[Photo by Legacy Russell]
Longtime East Village resident Ernest Russell, a photographer and artist, died on July 31. He was 72. He is survived by his two daughters Angola Russell, a lawyer, and Legacy Russell, a writer, curator and artist.
Legacy shared the following tribute with us.
Before there was AOL, Twitter, Facebook, Instagram, Snapchat — there was DIGITALMAN. DIGITALMAN to many of us is Uncle Ernest, Ernie, Uncle Junie, Daddy, El D, Big E, ER, F STOP, ZERO, The King of St. Mark’s, or one of my personal favorites — coined by my dad’s late friend John — “Oooyyy-knee”. (Dad hated that one.)
The energy my dad brought into the world was electric.
In a recent telephone conversation with poet Fred Wilson, Fred told me of how he met my dad via his connection with the Congress of Racial Equality (CORE). He encountered dad for the first time in a picket line. Dad turned to him and asked, “Hey man, you wanna get arrested today?” When Fred hesitated, dad repeated the question: “Do you wanna get arrested today, or not?”
Growing up with my dad meant there were lessons constantly being doled out, and constantly questions being asked.
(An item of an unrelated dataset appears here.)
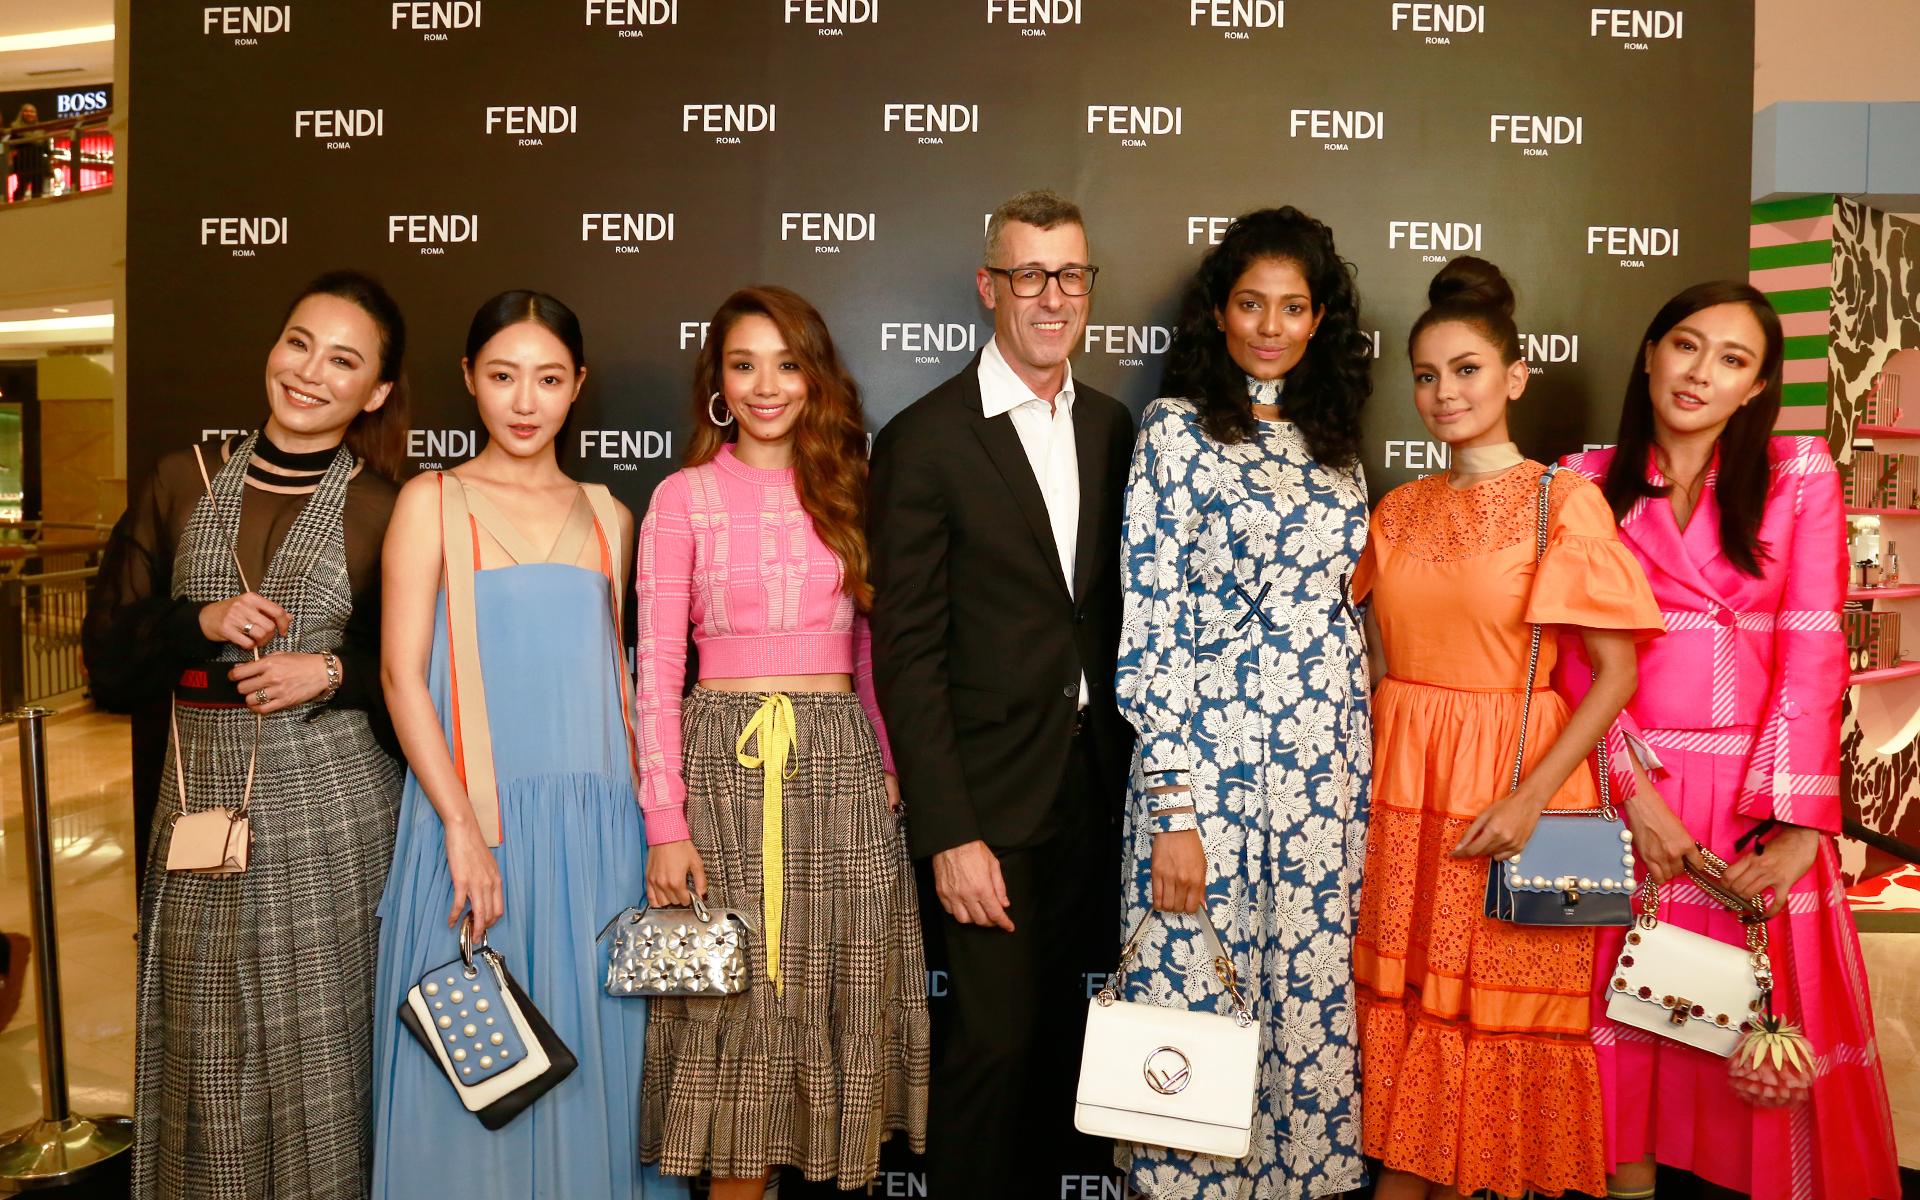 Ong Ai Leng, Jojo Goh, Marion Caunter, Andrea Crippa, Thanuja Ananthan, Fyza Kadir and Debbie Goh

In moments where I came home from school frustrated or upset about something that had happened with a classmate or teacher, he often reacted by telling me, “Legacy, you gotta get tough.”
As I grew older, when faced with professional obstacles and looking for advice, dad would hand me packages wrapped in brown paper, usually from a cut up Trader Joe’s shopping bag and marked with an all-caps Sharpie signature: “FOR LR LOVE DAD”. Inside, nine times out of ten, was a copy of Sun-Tzu’s Art of War. Where dad pushed me to have a thicker skin, he also never hesitated to cry with me, fight with me, laugh with me, dance with me, sing with me. His ability to be both brave and vulnerable at the same time was inspiring. I collected copies of Sun-Tzu’s treatise as gifted by dad over the years; they often made appearances at birthdays or Christmas. In college when my phone would ring late at night, I would answer to hear jazz playing in the background; dad and I would talk about the day and at some point inevitably he would ask, “Legacy, are you reading Art of War? Are you sure you’re paying attention?”
I paid attention. As a kid I watched my dad like a hawk trying to figure him out. To some degree, he was always a mystery to me. Fiercely independent, creative, compassionate, silly, loving, outrageous, irreverent, I wanted to know every part of him, I so wanted to crack the case of the first man I fell in love with. No matter how much I knew about him, I never knew it all, there were somehow always things he said or did that surprised me.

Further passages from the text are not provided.